The advance-decline ratio on the NSE was negative at 781:870.
Among the broader indices, the BSE Mid-cap index gained 0.36% and the BSE Small-cap index rose 0.02%.
The top gainers in the sectoral space were BSE Oil & Gas (up 1.20%); BSE Power (up 0.89%); BSE PSU (up 0.70%); BSE Healthcare (up 0.65%) and BSE Bankex (up 0.52%). The main losers were BSE Consumer Durables (down 0.98%); BSE Fast Moving Consumer Goods (down 0.90%); BSE Metal (down 0.20%); BSE Capital Goods and BSE TECk (down 0.06% each).
GAIL India (up 2.74%); Tata Power (up 1.70%); ONGC (up 1.52%); TCS (up 1.40%) and Mahindra & Mahindra (up 1.36%) were the toppers on the Sensex today. The key losers were Hindustan Unilever (down 2.02%); Sterlite Industries (down 1.21%); ITC (down 1.12%); Infosys (down 1.05%) and Tata Steel (down 1%).  
Top two A Group gainers on the BSE were—Manappuram Finance (up 11.23%) and Muthoot (up 10.74%).
Top two A Group losers on the BSE were—Essar Oil (down 2.99%) and JSW Energy (down2.93%). 
Top two B Group gainers on the BSE were—Hindustan Motors (up20%) and Arihant Superstructures (up19.84%). 
Top two B Group losers on the BSE were—Tricom India (down19.78%) and Mobile Telecom (down 19.05%). 
The top performers on the Nifty were GAIL India (up3.32%); Grasim Industries (up 3.06%); Tata Power (up 2.07%); Power Grid Corporation (up 1.99%) and Siemens (up 1.93%). The top laggards on the index were Sail (down 1.89%); Hindustan Unilever (down 1.88%); Sesa Goa (down 1.12%); Sterlite Industries (down 1.06%) and Infosys (down 1.05%).
Markets in Asia closed mostly lower as HSBC downgraded its growth forecast for China in 2012 to 8.4% from 8.6% earlier. The move follows Citigroup lowering its growth estimate for the Asian economic giant to 7.8% from 8.1%. Investors were also uncertain about the outcome of the European leaders’ summit, slated to take place later this week.
The Shanghai Composite shed 0.09%; the KLSE Composite declined 0.56%; the Nikkei 225 dropped 0.81%; the Straits Times declined 0.34%; the KOSPI composite gave up 0.41% and the Taiwan Weighted lost 0.40%. On the other hand, The Hang Seng gained 0.45% and the Jakarta Composite surged 0.62%.
At the time of writing, the key European indices were trading with meagre gains of less than a tenth of a percent and the US futures were in the positive.
Back home, institutional investors—both foreign and domestic—were net buyers in the equities segment on Monday. While foreign institutional investors pumped in funds totalling Rs153.10 crore, domestic institutional investors brought in funds amounting to Rs26.18 crore.
McNally Bharat Engineering has bagged an order worth Rs63.85 crore from Gammon India. The order is for a “supply package” for the Kolkata Metro Railways. McNally Bharat jumped 6.73% to close at Rs94.35 on the NSE.
Ratings agency ICRA has reaffirmed Taj GVK Hotels & Resorts’ bank facilities. The agency has reaffirmed the long-term rating of AA- to Rs10 crore fund based facilities and Rs340 crore term loans of the company. The rating agency has also reaffirmed the short-term rating of A1+ assigned to the Rs40 crore short term loans and Rs15 crore non-fund based limits of the company.  Taj GVK closed at Rs61 on the NSE, down 2.32% from its previous close.
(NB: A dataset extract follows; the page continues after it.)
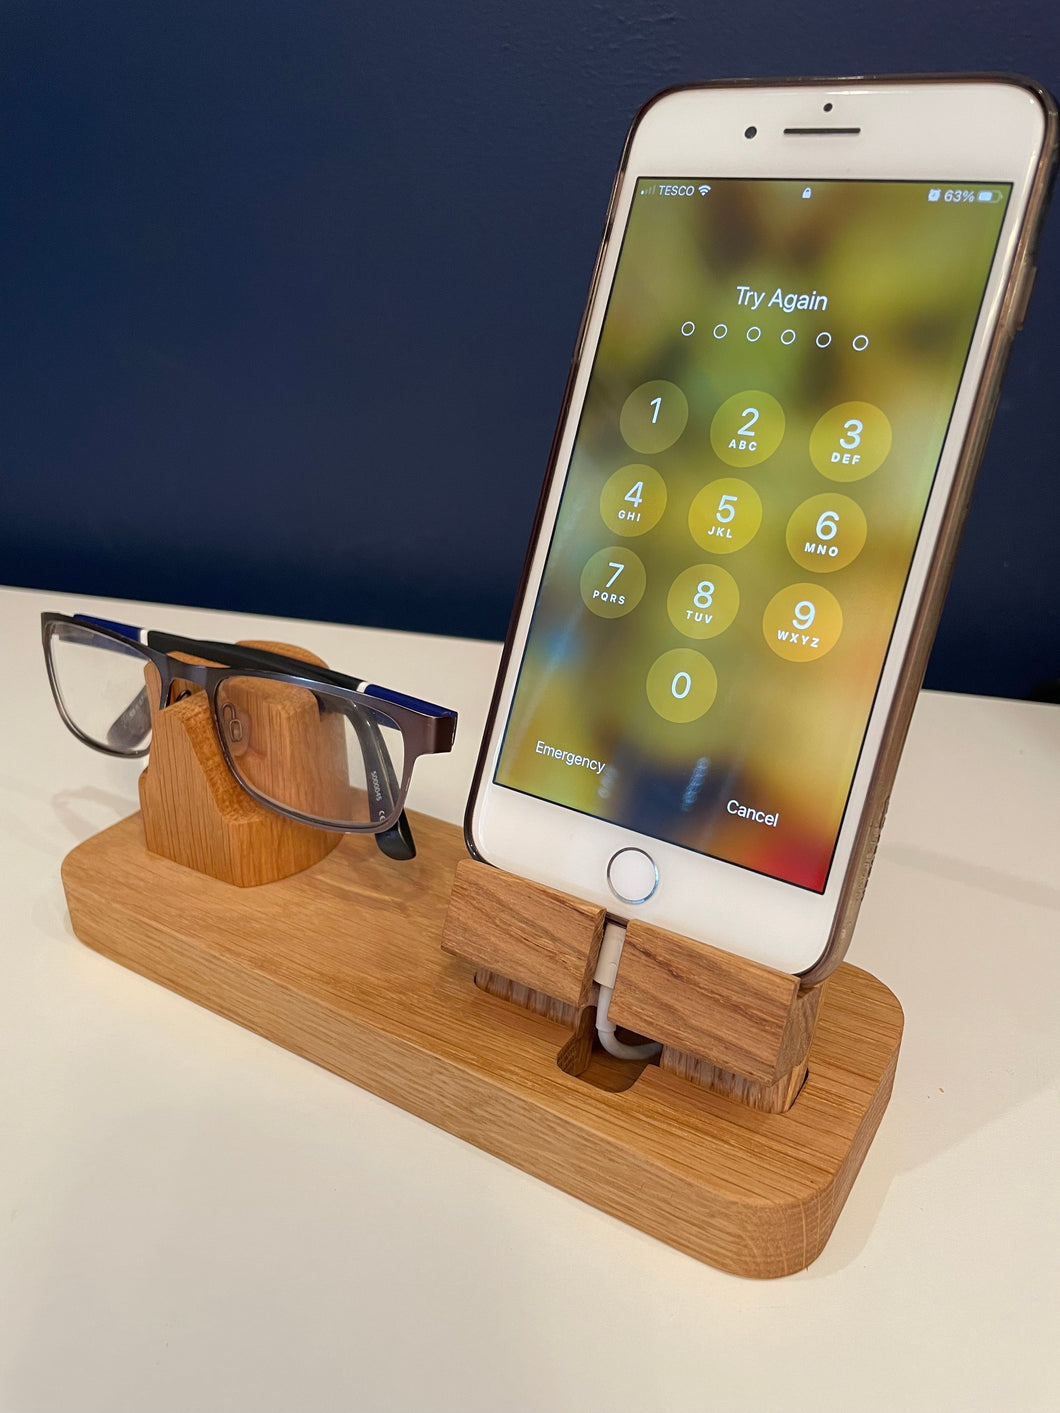 Phone and glasses holder, charging station, desk and bedside organiser

Liberty Videocon gets IRDA nod to start insurance business

With the R3 approval in place, Liberty Videocon GIC said it is now getting ready to file documents with the IRDA for approval of its proposed products


Mumbai: New entrant in the private space Liberty Videocon General Insurance Co on Tuesday said it received the final approval from the Insurance Regulatory and Development Authority (IRDA), which enables the company to commence operations, reports PTI.

"We have received the mandatory clearance from IRDA and are gearing up to launch Liberty Videocon General Insurance operations in India," company chief executive officer - designate and director Roopam Asthana said in a release.

"Supported by a strong and experienced leadership team, which is already in place and market expertise of our parent companies in their respective domains, we are looking forward to making a substantial difference in the Indian non-life insurance market," Asthana said.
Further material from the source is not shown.